Here, six symptoms to pipe up about, stat:
Excessive or Loud Snoring
Easily attributed to: Being a dude, being overly tired, being drunk
Could be a sign of: Sleep apnea
If you wake up tired after a full night’s rest or your partner complains about you “sawing logs” at night, you could have sleep apnea. It involves either snoring all night long at a low volume level or intermittent snoring that’s very loud. “When you have sleep apnea, you are decreasing the amount of oxygen in the body,” said Neides. “That can put a lot of stress on vital organs but specifically the heart, which increases the risk of congestive heart failure.”
Easily attributed to: A normal part of aging, too many whiskeys, fatigue
Could be a sign of: Heart disease
Being unable to achieve or maintain an erection has obvious sexual health implications, but erectile dysfunction (ED) could also be an early indicator for serious heart problems. “It’s important not to automatically throw a Viagra or Cialis at a guy who is experiencing erectile dysfunction, because it could be a warning sign of heart disease,” said Neides. Being unable to get an erection is a matter of disruption of blood flow to the arteries of the penis, which are often the first to become clogged with plaque in the early stages of heart disease. ED could also be a side effect of certain medications, so it’s very important that men talk to their doctors about potential underlying causes.
Chest Pain, Shortness of Breath
Easily attributed to: Heartburn, being out of shape
Could be a sign of: Heart disease
As plaque builds up in the arteries of the heart, the body’s most important muscle can’t get the oxygen-rich blood it needs to function properly. The result is chest pain (called angina) and breathing difficulty, which are warning signs of heart disease. “Oftentimes people mistake chest pain for heartburn, blaming it on spicy food,” said Neides. “So they take a couple of Tums, thinking everything will be fine.”
To tell the difference, pay attention to the pain itself. Heartburn causes a sharp pain with a burning sensation, said Neides; Angina involves more of a pressure sensation, like an elephant is sitting on your chest.
Unexplained Weight Loss
Easily attributed to: Normal weight fluctuation, stress
Could be a sign of: Cancer, thyroid disease, or a nutrient deficiency
Many men would rejoice after losing several pounds off the ol’ beer gut.
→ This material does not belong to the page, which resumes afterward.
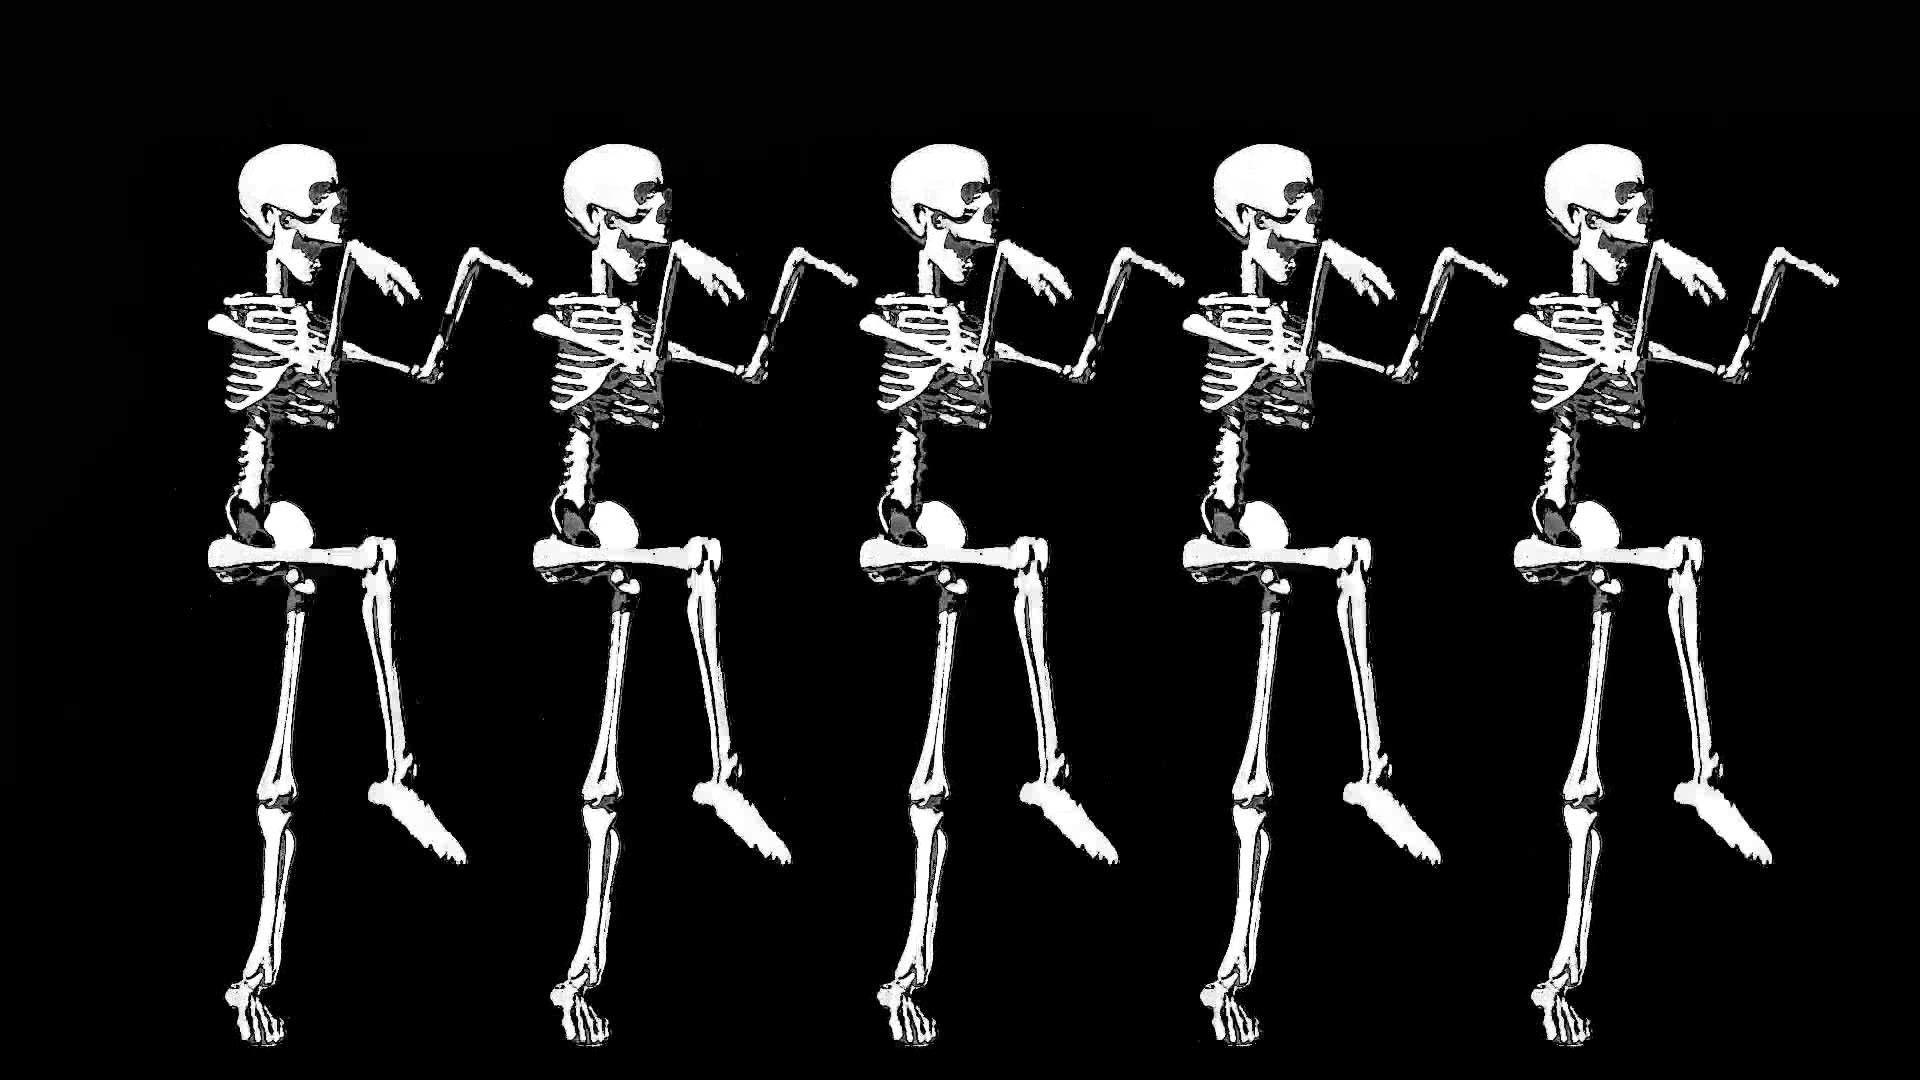 Skeleton Aesthetic Wallpapers - Top Hình Ảnh Đẹp

But if you haven’t made any lifestyle changes and experience 10 to 15 pounds of weight loss in a fairly short period of time, something more serious could be at play. “Unintended weight loss is the key element here,” said Neides. “If you haven’t changed anything and suddenly your pants don’t fit, then you should see a doctor.”
Easily attributed to: A serious coffee habit
Could be a sign of: Diabetes or enlarged prostate
When sugar builds up in the blood as a result of diabetes, your body flushes out the excess through the urine, causing more frequent trips to the bathroom. An enlarged prostate blocks the flow of urine and makes it more difficult to empty the bladder, which also causes more frequent bathroom trips. “There will always be some residual urine in the bladder,” said Neides. “But it should be a nominal amount, not enough to trigger him to return 20 minutes later to use the bathroom.”
Easily attributed to: Eating dark-colored foods
Could be a sign of: Ulcer, colon cancer
When blood mixes with feces, it turns black, signaling there’s bleeding happening in the gastrointestinal tract somewhere between the mouth and the large intestine. “You don’t want to ignore that, ever,” said Neides. “It could be a blood vessel that has ruptured. It could be an ulcer that’s bleeding in the stomach or the small intestine. Or it could be a sign of colon cancer.” All of these should be addressed by a doctor.